Thursday, January 5, 2023

Bitcoin explained in a correct and intelligible way - Translation of https://fiatjaf.com/bitcoin.html

 This post is a translation of this post: Bitcoin explained in a correct and intelligible way:

What is Bitcoin?

Every unhappy guide on Bitcoin starts with this common question, and usually starts with the answer that it is a “virtual currency” 1 , a stupid concept that does not clarify anything.

Forget this chat. Bitcoin is not a currency. Bitcoin is a protocol 2 .

Why then do they say it is a coin? Because these very hasty people like to say that everything that is easily divisible and transferable, and whose various units are identical to each other, is a currency. So, in that sense, Bitcoin is a currency, but ignore that currency talk.

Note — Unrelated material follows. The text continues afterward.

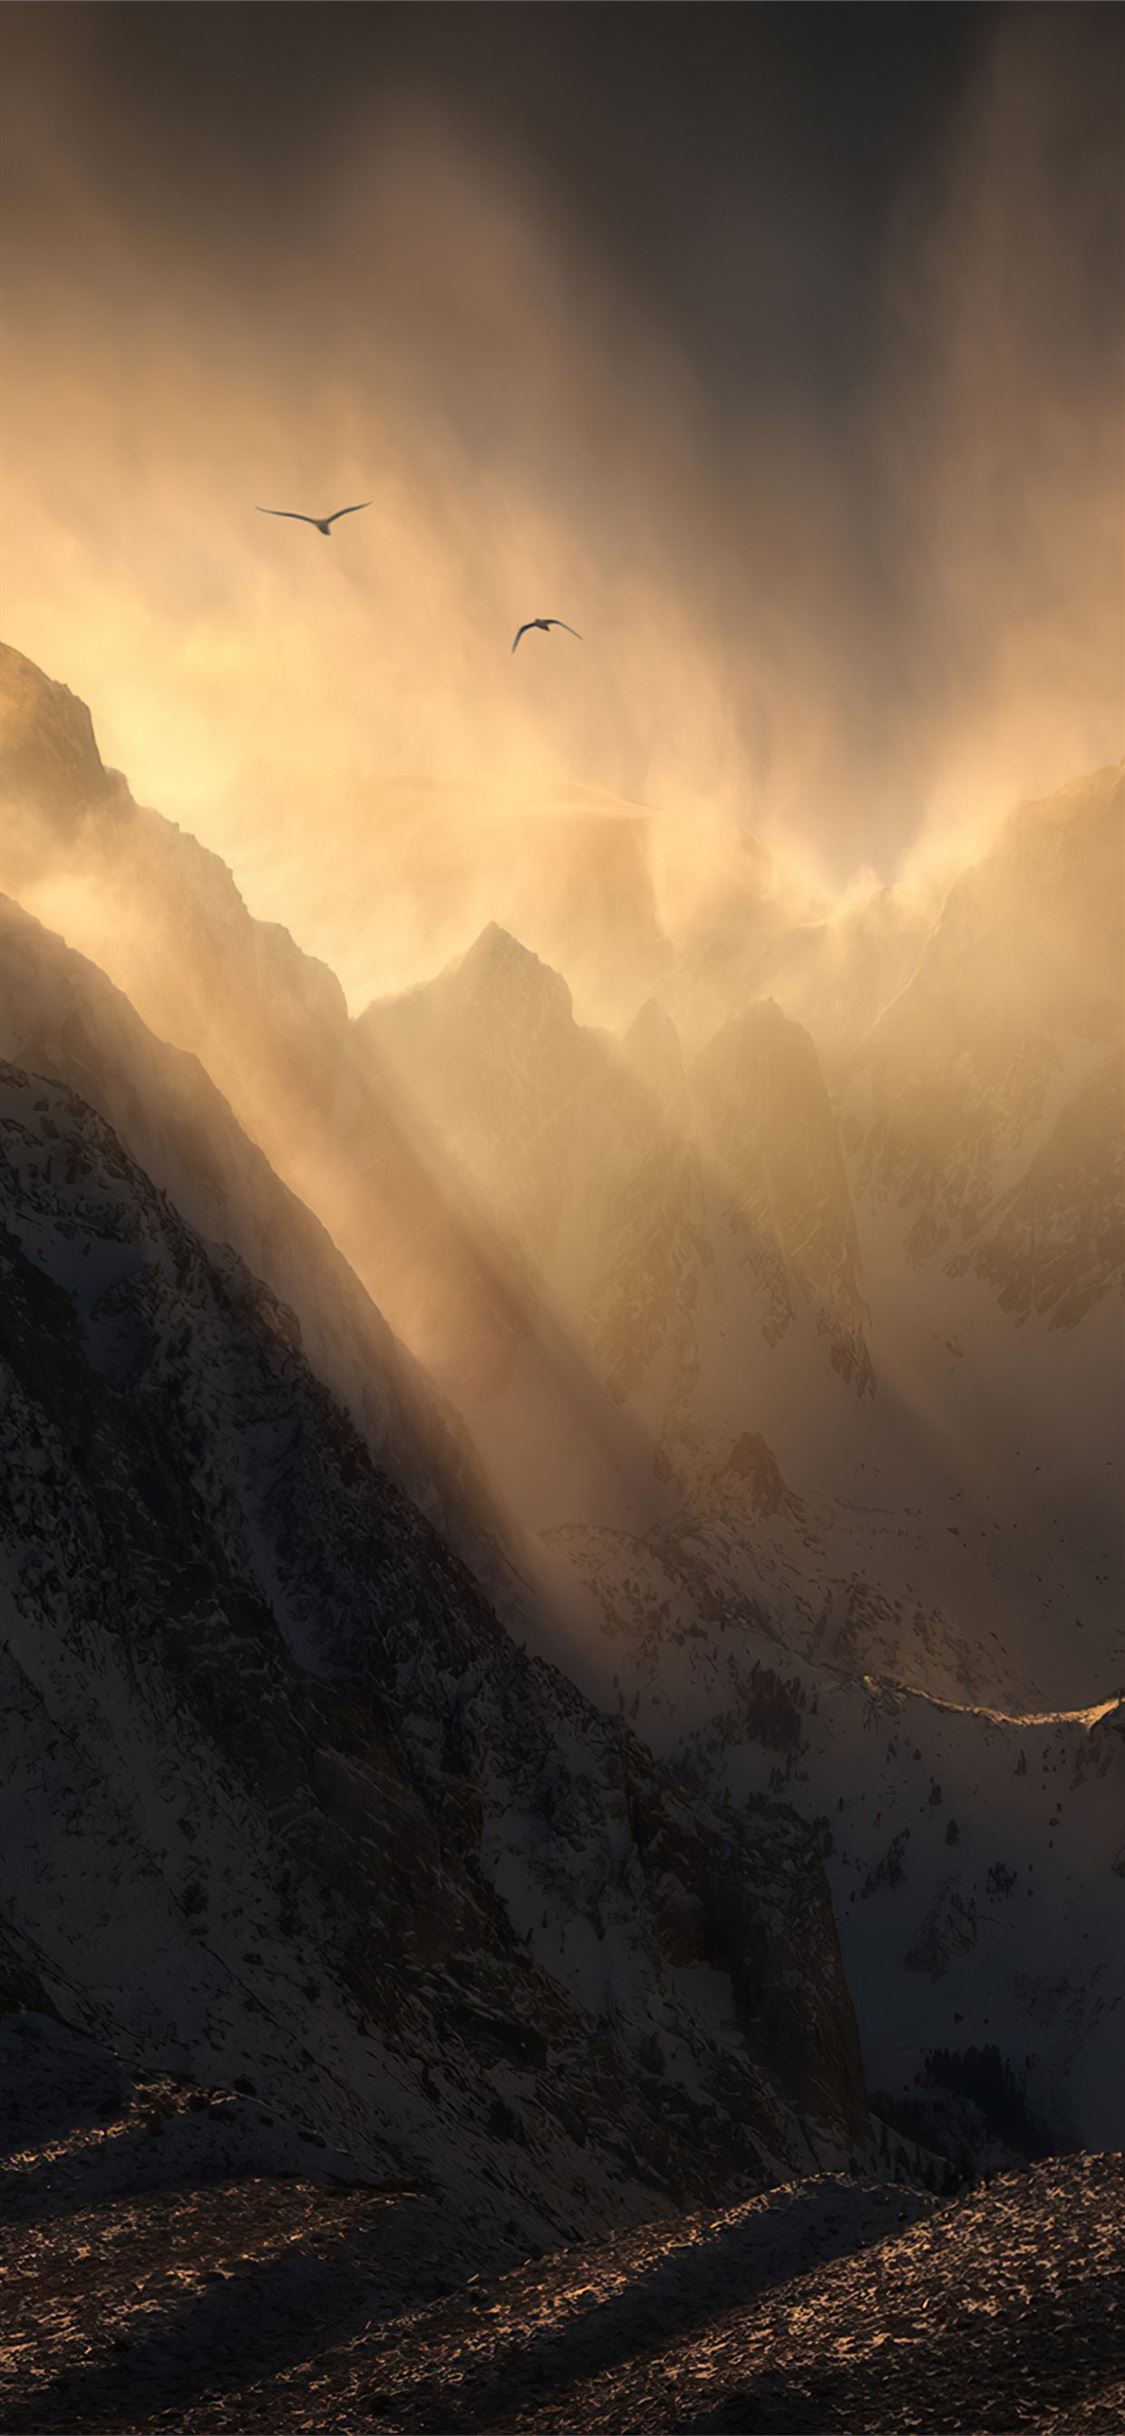 snow mountains sierra california 4k iPhone X Wallpaper Free Download

The Bitcoin protocol says that there are “credits” (or “points”, or “units”) that can be transferred between participants, and multiple computers, each operating independently of the other, as long as they follow the protocol (i.e.: that they are all running the same program, or compatible programs), will always be in agreement as to who spent each credit and how they spent it.

This is basically the idea: a bunch of “virtual points” that are transferred from one to another, without there being an organizing entity, “the owner of Bitcoin”, “the supreme boss of Bitcoin”, who controls nothing, coordinates nothing, or have power over such transfers.

How it works

Imagine several computers running the same program (or compatible programs). Now imagine that these programs communicate with each other over the internet: they send messages to each other and wait for responses. Every now and then the response doesn't come, or it comes in a format the program doesn't understand, that means the other computer has gone offline, or is running an incompatible version of the program, and then everyone else will ignore it. But in general the answer comes straight and everyone manages to talk to everyone.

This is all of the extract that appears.